Et sur le long terme ? "On s'inspire vraiment de ce qu'on a vécu dans la crise pour appuyer ce qui est essentiel, reprend-elle, c'est-à-dire comment faire en sorte, par les outils structurels de politique culturelle, d'ancrer encore plus la culture dans les territoires." Dans sa boîte à outils : le refinancement des opérateurs de proximités (centres culturels, bibliothèques, centres d'expression et de créativité) ; le décret Arts de la scène (récemment adopté en 2e lecture par le gouvernement) ; le décret diffusion (toujours en cours d'élaboration)…
Avec la crise du Covid, "il faut acter que la consommation culturelle et les habitudes de consommation ont évolué", relève la ministre. Ainsi, "on ne peut pas occulter la place de la consommation par streaming". Un groupe de travail planche, à ce titre, sur la manière de repenser la rencontre avec le public dans les cinémas.
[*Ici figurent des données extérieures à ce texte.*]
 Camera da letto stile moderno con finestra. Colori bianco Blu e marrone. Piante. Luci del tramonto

Néanmoins, "je reste persuadée que le cinéma est la première fenêtre pour nos productions cinématographiques et qu'il faut pouvoir maintenir et soutenir cette première fenêtre que ce soit via les cinémas, les festivals ou autres, affirme-t-elle. J'ajouterai qu'à la base, seuls les cinémas d'art et d'essai étaient soutenus, mais la crise nous a amenés à aider les cinémas de proximité et à envisager de continuer à les soutenir. Cette culture de proximité, que l'on a beaucoup redécouverte pendant la crise (cinémas et musées de quartier, librairies indépendantes, bibliothèques…, NdlR), me tient donc à cœur, car elle a un rôle fondamental en matière d'effectivité des droits culturels".
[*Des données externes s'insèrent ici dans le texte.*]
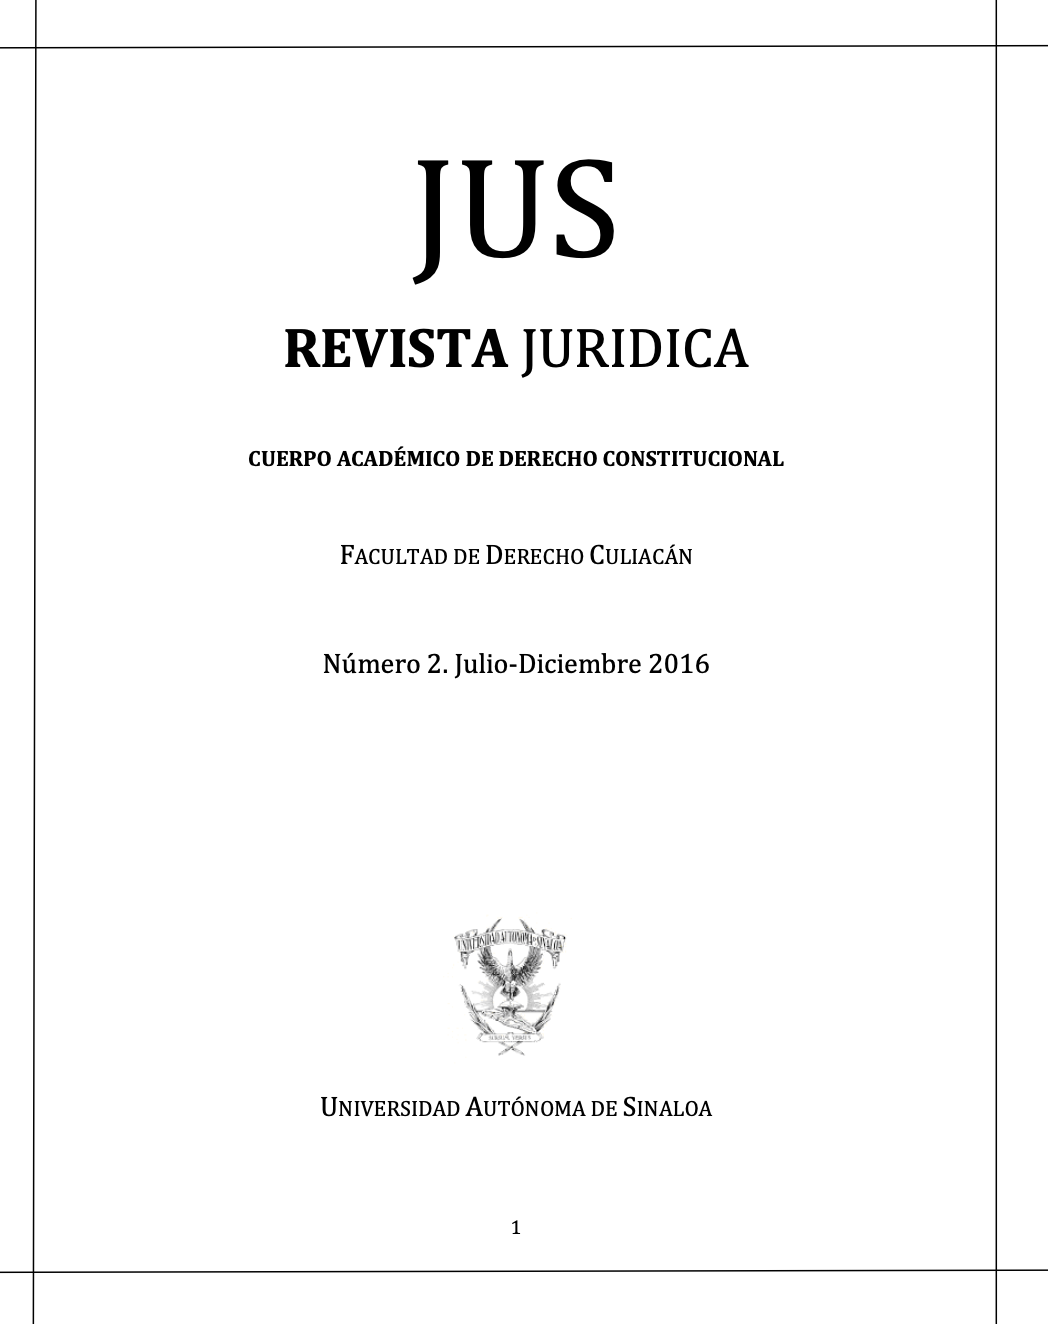 Portada JUS Revista Jurídica Cuerpo Académico de Derecho Constitucional Facultad de Derecho Culiacán

Si le monde culturel et les publics portent, aujourd'hui encore, les stigmates de la crise sanitaire, Bénédicte Linard est également bien consciente que, dans le contexte géopolitique actuel, "le pouvoir d'achat devient compliqué pour tout" . "Mais je continue à défendre l'idée que l'accès à la culture est un accès à toutes les formes de culture, insiste-t-elle. Donc, il faut aussi pouvoir multiplier les accès à la culture à très bas prix, même si on ne pourra pas faire en sorte que les Rolling Stones soient accessibles à tout le monde (le prix des places pour le concert prévu à Bruxelles le 11 juillet oscille entre 149 et 489 euros, NdlR) , car ce n'est pas le rôle de la Fédération Wallonie-Bruxelles".